> **Problem description**
Your answer should consist only of the lines below from the one with "A bulldozer at" through the one with "norway spruce tree in the fall", copied exactly.

[Provided entries — start]

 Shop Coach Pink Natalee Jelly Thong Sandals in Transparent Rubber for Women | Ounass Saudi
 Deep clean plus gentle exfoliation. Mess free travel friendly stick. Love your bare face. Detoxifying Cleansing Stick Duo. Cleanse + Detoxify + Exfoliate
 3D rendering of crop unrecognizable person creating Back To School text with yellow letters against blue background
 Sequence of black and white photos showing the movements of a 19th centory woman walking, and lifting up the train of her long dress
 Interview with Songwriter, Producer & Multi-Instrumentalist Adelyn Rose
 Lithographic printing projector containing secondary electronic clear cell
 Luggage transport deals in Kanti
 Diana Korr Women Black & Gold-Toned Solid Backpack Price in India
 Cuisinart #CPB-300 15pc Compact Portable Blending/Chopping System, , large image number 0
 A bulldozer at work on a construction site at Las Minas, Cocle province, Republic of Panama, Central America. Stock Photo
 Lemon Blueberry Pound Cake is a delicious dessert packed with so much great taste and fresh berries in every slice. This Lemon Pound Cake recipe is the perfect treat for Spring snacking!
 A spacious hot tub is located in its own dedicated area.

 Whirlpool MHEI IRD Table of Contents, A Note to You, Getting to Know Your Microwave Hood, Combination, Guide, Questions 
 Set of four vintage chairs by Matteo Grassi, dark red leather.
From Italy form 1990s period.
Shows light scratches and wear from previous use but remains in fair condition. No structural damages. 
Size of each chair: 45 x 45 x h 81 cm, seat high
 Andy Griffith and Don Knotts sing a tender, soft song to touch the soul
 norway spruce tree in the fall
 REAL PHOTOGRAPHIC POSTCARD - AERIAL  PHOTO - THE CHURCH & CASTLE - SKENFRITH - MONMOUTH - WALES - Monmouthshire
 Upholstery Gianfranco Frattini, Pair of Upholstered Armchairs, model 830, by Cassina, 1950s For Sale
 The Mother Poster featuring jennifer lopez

[Provided entries — finish]

> **Task output**
 A bulldozer at work on a construction site at Las Minas, Cocle province, Republic of Panama, Central America. Stock Photo
 Lemon Blueberry Pound Cake is a delicious dessert packed with so much great taste and fresh berries in every slice. This Lemon Pound Cake recipe is the perfect treat for Spring snacking!
 A spacious hot tub is located in its own dedicated area.

 Whirlpool MHEI IRD Table of Contents, A Note to You, Getting to Know Your Microwave Hood, Combination, Guide, Questions 
 Set of four vintage chairs by Matteo Grassi, dark red leather.
From Italy form 1990s period.
Shows light scratches and wear from previous use but remains in fair condition. No structural damages. 
Size of each chair: 45 x 45 x h 81 cm, seat high
 Andy Griffith and Don Knotts sing a tender, soft song to touch the soul
 norway spruce tree in the fall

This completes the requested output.